Diet and nutrition, so at a personalized level, how do you deal with carbs, fats, macronutrients, micronutrients, even vitamins like C, D, A, et cetera. Fitness and hormones, so body type, acne, skin, you know, what are your hormones doing? Not quite the health concerns yet, but more the lifestyle and body type, right? And then the last one is sleep, so chronic sleep.

What are the- what is it in the genetics that is driving you to either not sleep well, not be able to fall asleep, or I fall asleep, but I wake up in the middle of the night, right? And we’ve kind of cracked the code on all that stuff. So that’s the core product that people get. But from there, we have coaches that can drill further. And for the clinicians that are listening, we have coaches that can work, literally, for you and your patients. And this is a big part of what we do, is like you said, it needs to be made easy. So instead of us trying to teach 500 doctors how to do this, we’re saying, “We already have a team that knows it so well, we will package it up so it’s your team. Your client calls, they’re gonna answer with your clinic name, and they’re gonna work for you.” Because we know that’s what you need. And now all of a sudden, it goes from the six systems I talk about, to the hardcore, like prostate cancer, breast cancer, you know, fibromyalgia, fertility, anti-aging, you know, career planning, all the big buckets that people want to talk about. The coaches then can dive deeper, and from the same test, interpret more.

Genetic companies don’t do this, because their intention is, “How do I discover something about this gene?” Which then becomes very valuable in the Pharma industry.
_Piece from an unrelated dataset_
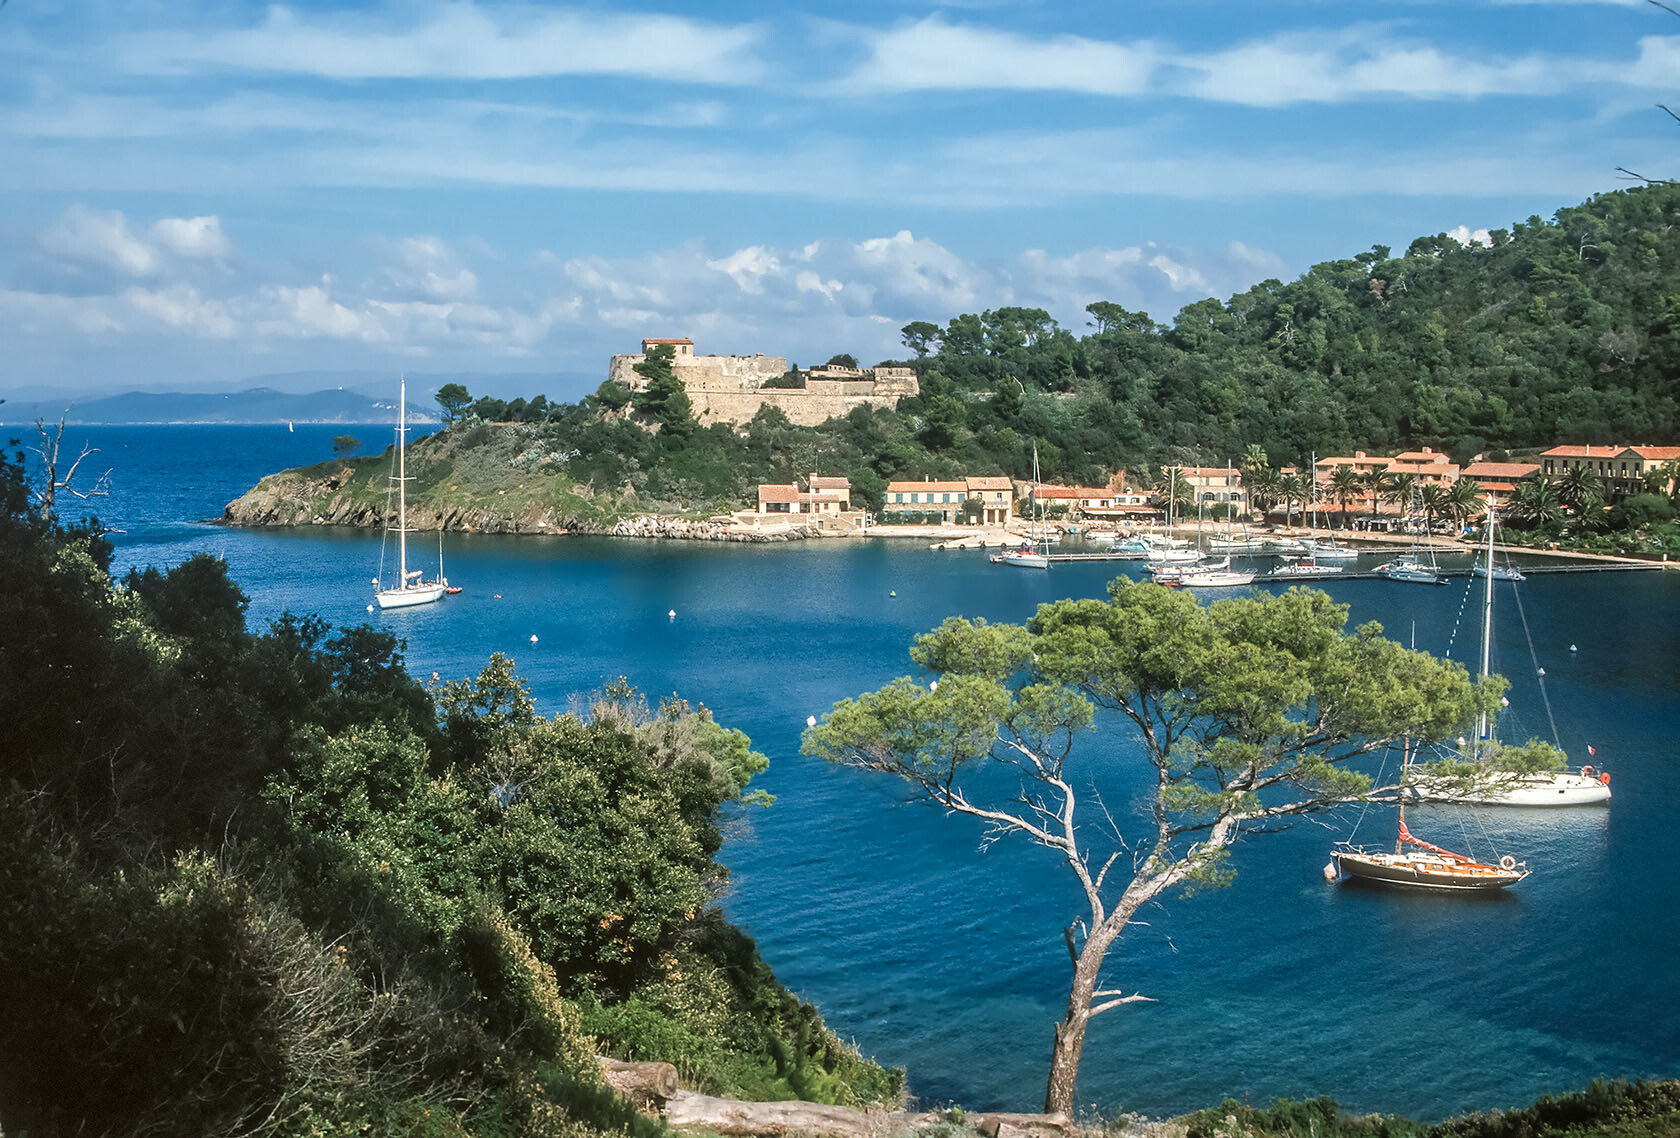 French Riviera SamBoat Rentals
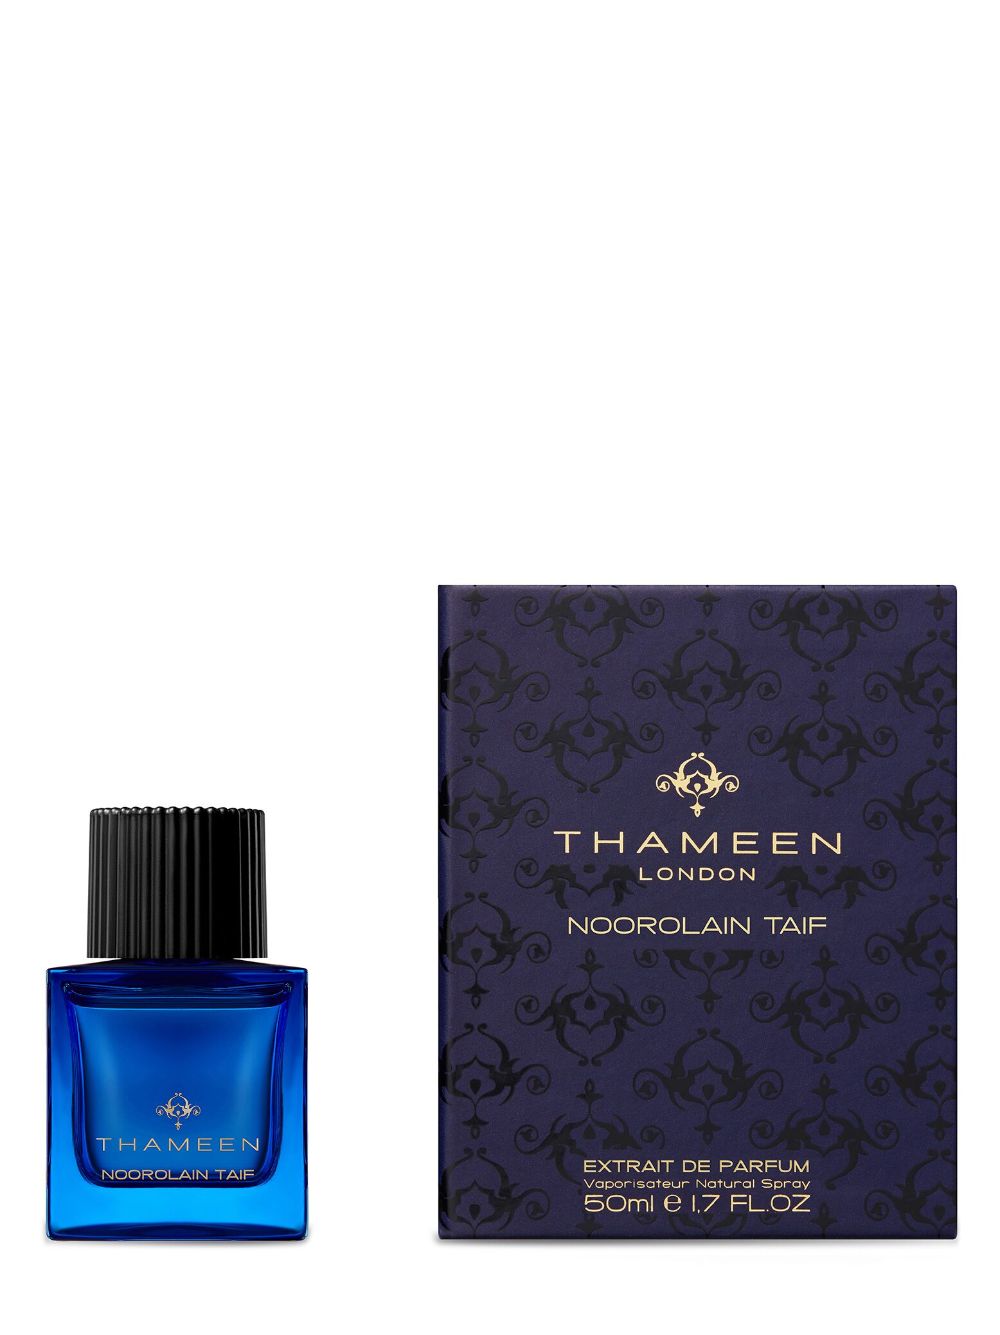 Thameen Noorolain Taif extrait de parfum - NEUTRAL

We’re not trying to do that. What we’re saying is, “How do we become valuable to people and become their quarterback?” Right? That’s what we’re trying to do.

We spent one month interviewing 60 different clinicians, of different sorts, to literally ask them, “What is your problem,” right? “Why don’t you use genetics in practice?” And so we didn’t say, “here’s what we make, go sell it.” We said, “What do you need? And we’ll go make that.” So that’s what we do.

How to Optimize your Peptides

You’re going to be gleaning into peptides, which is a great thing to do, understanding the personalization of it, like, “What do I need, why do I need, what’s going on hormonally? What’s going on up here? What’s going on with my skin, my hair?” It’s all genetically-driven, so now all of a sudden, when somebody is working with you, they’re- it can just be so much more effective. You know where to focus, right? It makes the process smoother, it’s, you know, it’s good for a win-win for everybody.